What is your take on this?
Angelique’s last blog post..Is a thinspiration-free home possible?
Thank you for visiting and leaving a comment. I hope life is good for you.
Your question covers a lot of territory.
I’m having some trouble with the word overcompensate. Even with a full blown eating disorder that is disabling in life many people can find some activities or areas in which they behave appropriately. This is partly why a person can hide an eating disorder.
For example, she can pull herself in or extend herself in her work setting and invest herself competently in her job so she appears normal and capable.
This can be a stabilizing factor in an otherwise chaotic life. The people who know her through work would not see the extremes she goes to in other areas and might not have a glimmer of a clue that she has an eating disorder.
The desire to have everything happen RIGHT NOW! (capitals and exclamation point duly noted), is part of the psychological dynamic of an eating disorder.
You can use specific memories from your acting out eating disorder life to give you information about extremes and overcompensation in other realms.
The urgent emotion need for instant gratification, like bingeing now and
purging now, affects your attitude in your life and greatly affects your relationships and often your demands with other people.
An AA slogan goes, “We don’t have relationships. We take hostages.” This is a wonderful short cut to addressing your question.

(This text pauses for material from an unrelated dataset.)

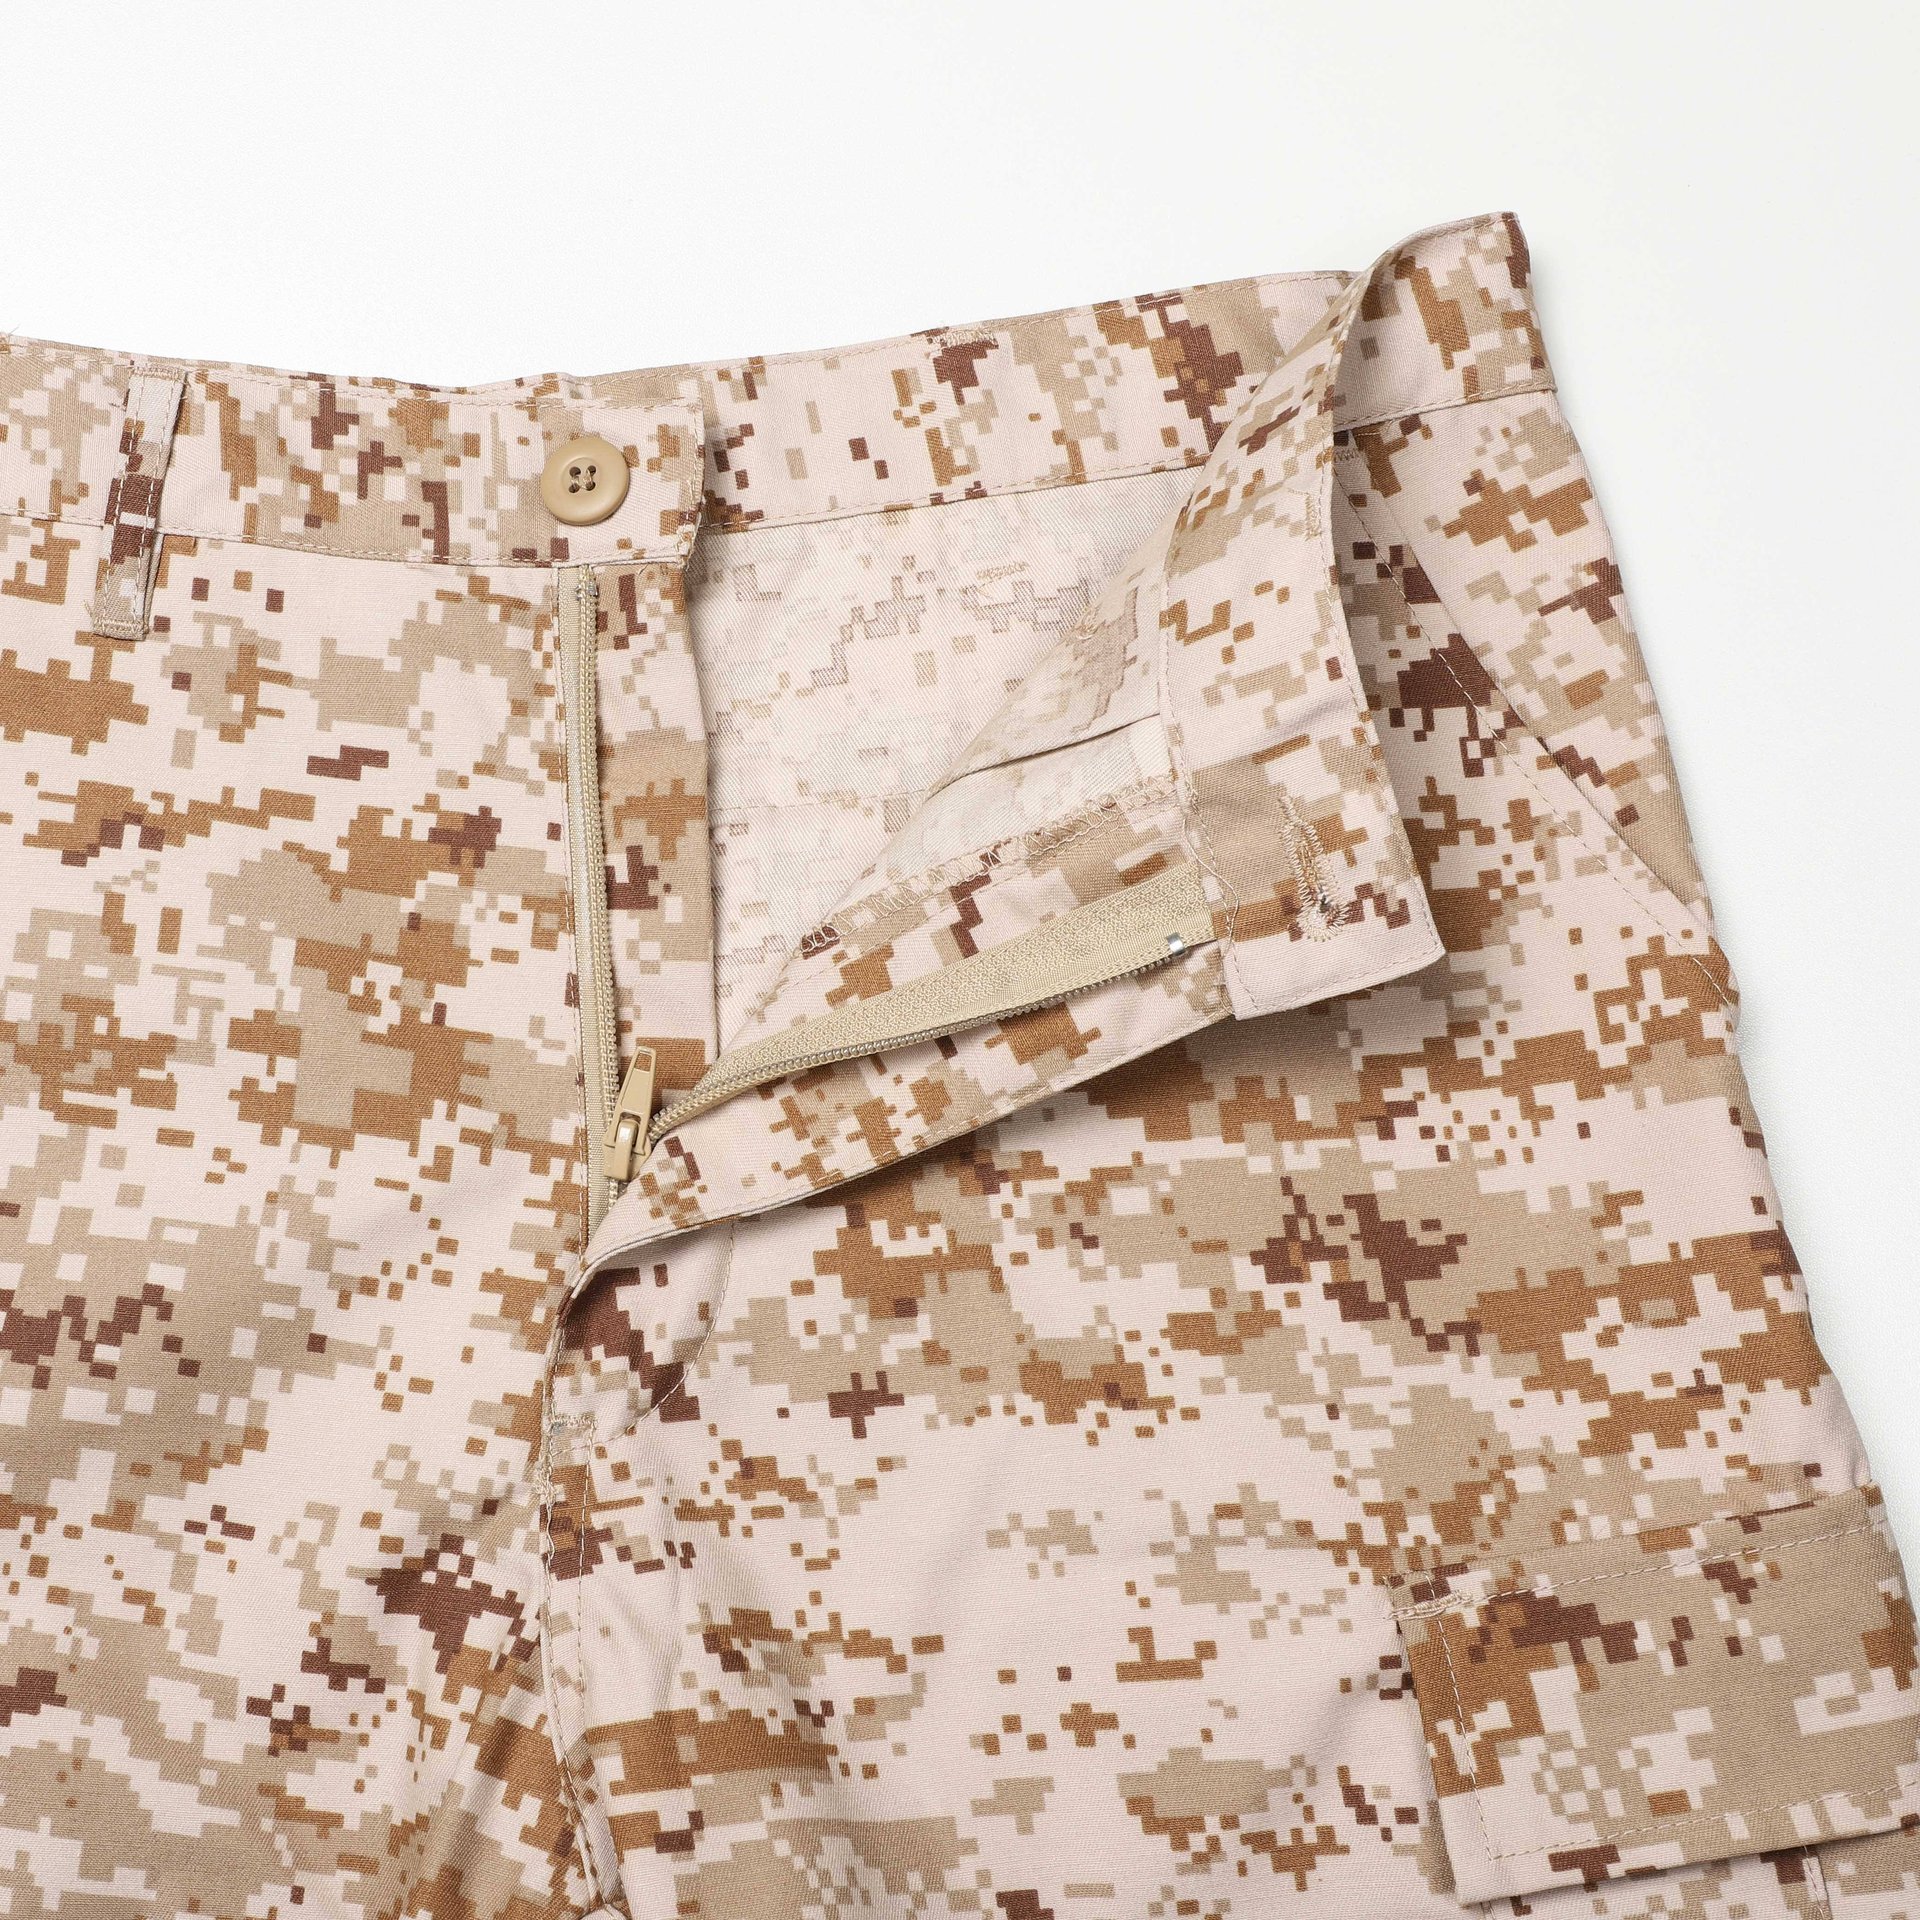 Battles Tactical Uniform ACU US Tactical Digital Desert Camouflage Pants Shorts

I want what or who I want RIGHT NOW! I want something or someone to go away RIGHT NOW! These feelings are basic to an eating disorder.
If you look at these powerful and urgent feelings you will see that they come from a very young time in a person’s life. It’s normal for a young child to want what they want instantly.
Delaying gratification is part of developing toward maturity. It’s a process that gets short circuited in people who then need to develop an eating disorder to cope.
Thank you for your stimulating question! I may add more to my response and place it in my blog as a post to share with others.